# Need help with this joint



## YouthfullMind (Dec 26, 2017)

My wife is really set on having me make 2 of these as nightstands for our bedroom. I already have the walnut for these and am ready to get started on these in a few weeks. I've been trying to figure out the best way to approach the lower shelf to the legs. I would appreciate some input if this is a good approach or if i'm over thinking it.
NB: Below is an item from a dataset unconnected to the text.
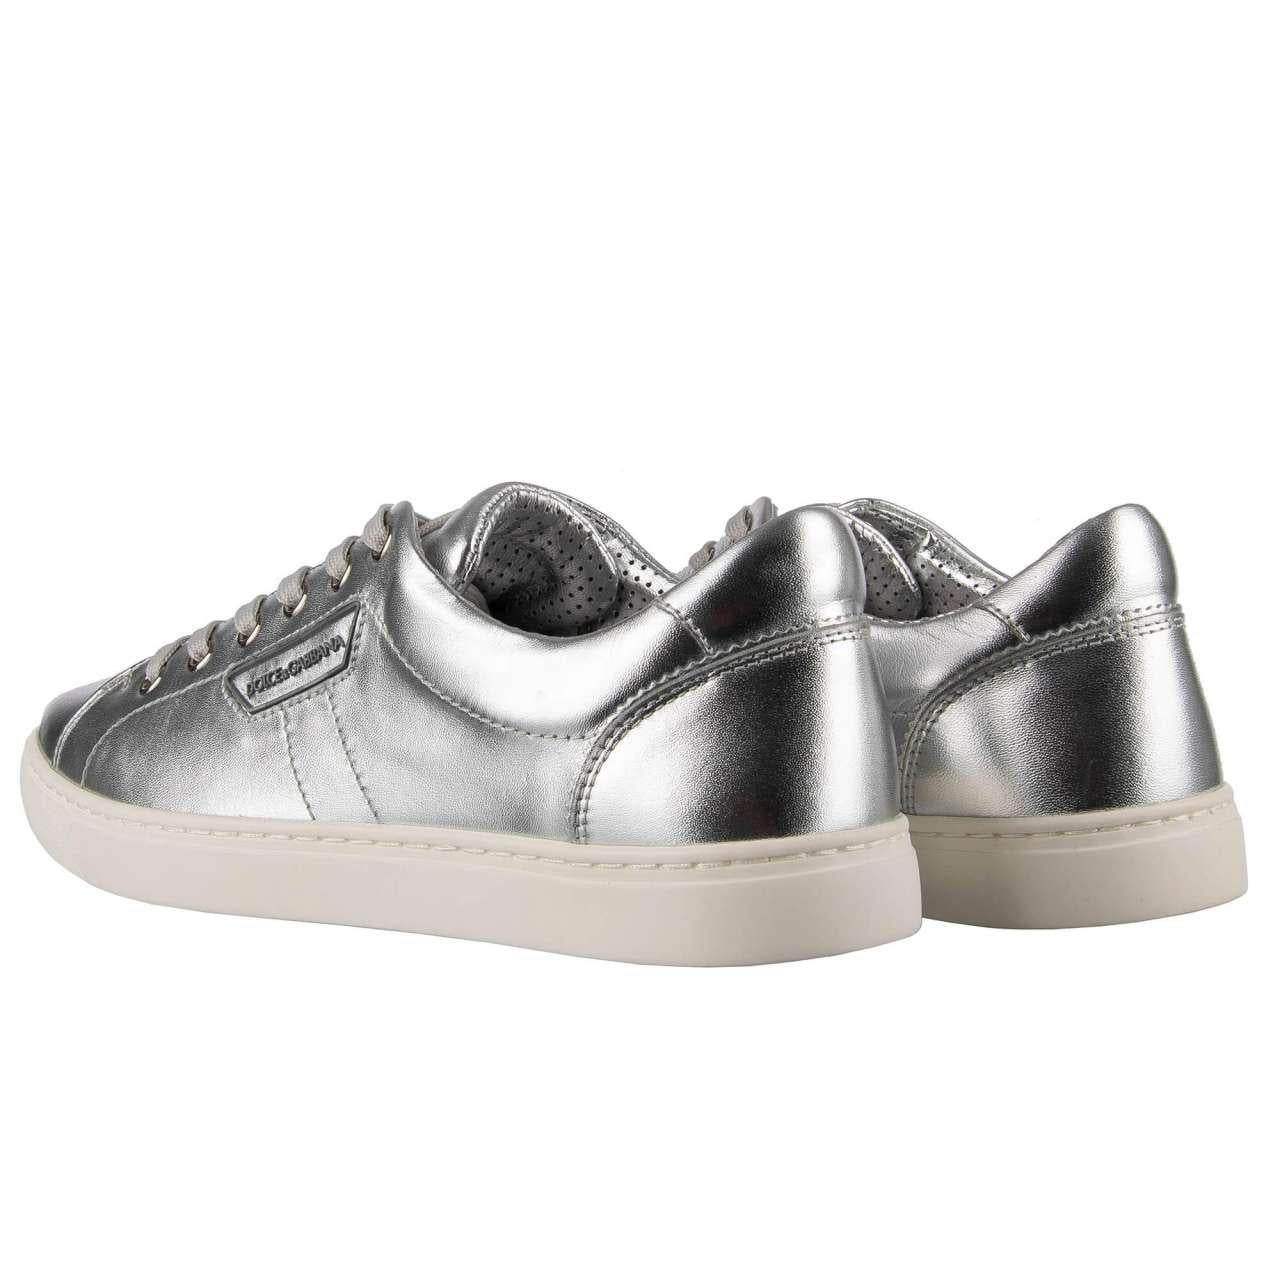 Dolce & Gabbana - Nappa Leather Sneakers LONDON Silver EUR 39 In Excellent Condition For Sale In Erkrath, DE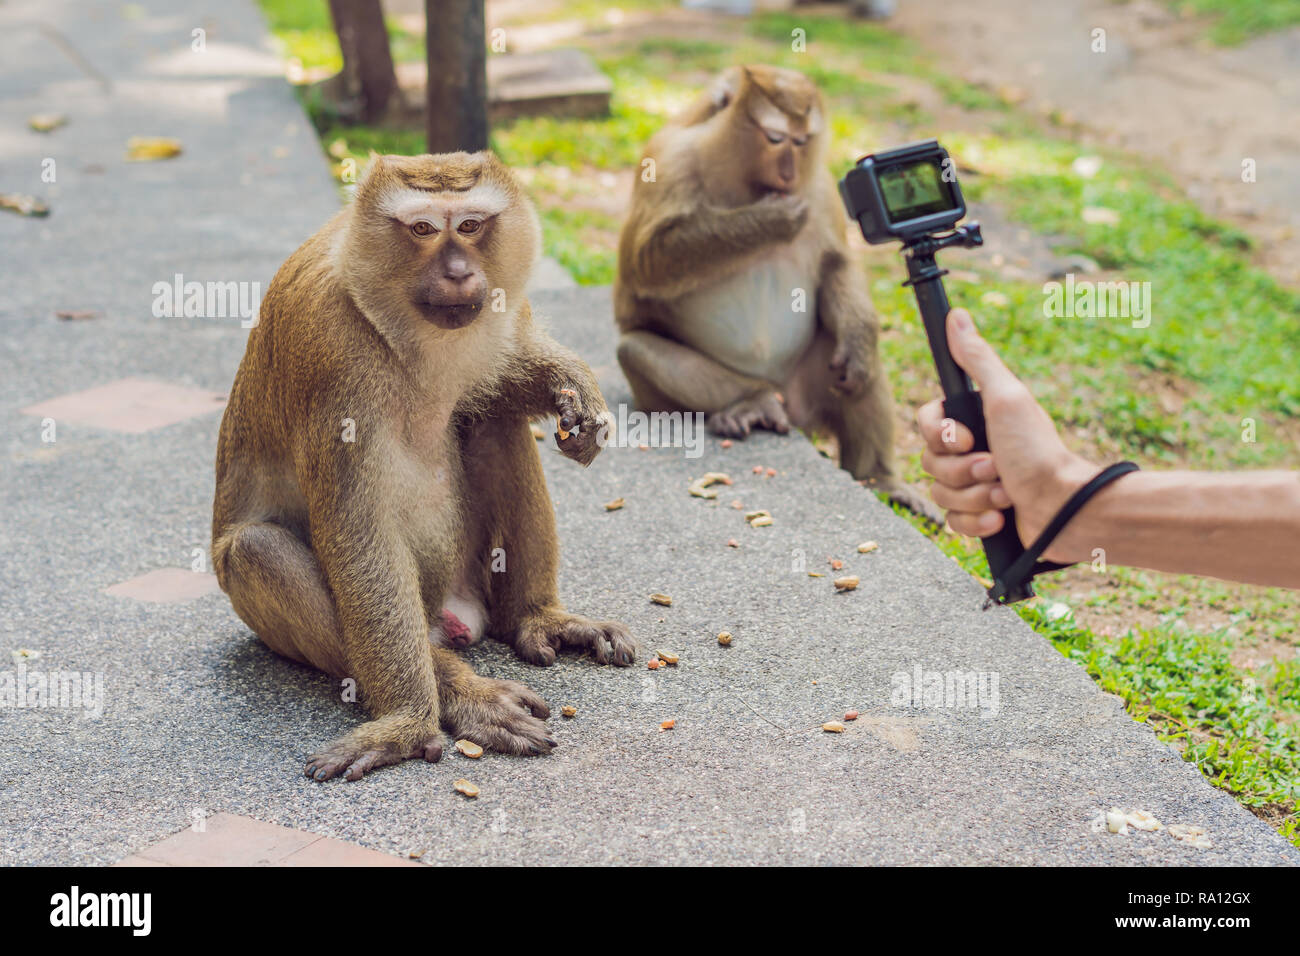 A man takes a picture of a monkey on an action camera Stock Photo - Alamy

Here is my plan:
1. start with square stock for the legs 8/4
2. cut lower shelf to size
3. miter the corners of the lower shelf at 45 deg, and bevel to match the splay of the legs
4. the length of the miter cut will be 2" to match the thickness of the square leg stock
5. cut mortise for floating tenon on each corner of the lower shelf and corresponding inner face on each leg
6. I don't have a lathe so I will use a roundover bit to achieve a semi-round appearance of the legs staying short of where the bottom shelf attaches to the leg on the inner face. 
7. dry fit the bottom shelf to the legs
8. Finish rounding out the areas unable to reach with the router by using a rasp, finishing with sandpaper/scraper
9. glue bottom shelf to the legs, finish sanding, and attach top. 
10. Drink a celebratory beer and hope the wife likes them


----------



## Unknowncraftsman (Jun 23, 2013)

Ha you wish. 
Seriously build the piece in a less expensive wood as many times as it takes to get it right. Poplar is a good choice that what I use. 
Good luck


----------



## YouthfullMind (Dec 26, 2017)

I was going to do some practicing in pine first. I nearly had to donate an organ to pay for the walnut.


----------



## Unknowncraftsman (Jun 23, 2013)

That's funny your right walnut is pretty expensive these days . Are you use you want to use pine it's horrible to get clean cuts in pine. Poplar much more friendly.
It's a nice table your wife has good taste.
Good luck


----------



## runswithscissors (Nov 8, 2012)

I think your approach is workable. I agree that a practice run or 2 would be advisable.


----------



## jacksdvds (Jun 13, 2015)

Buy a tom of duck tape. Try dowels to hole shelf to legs.


----------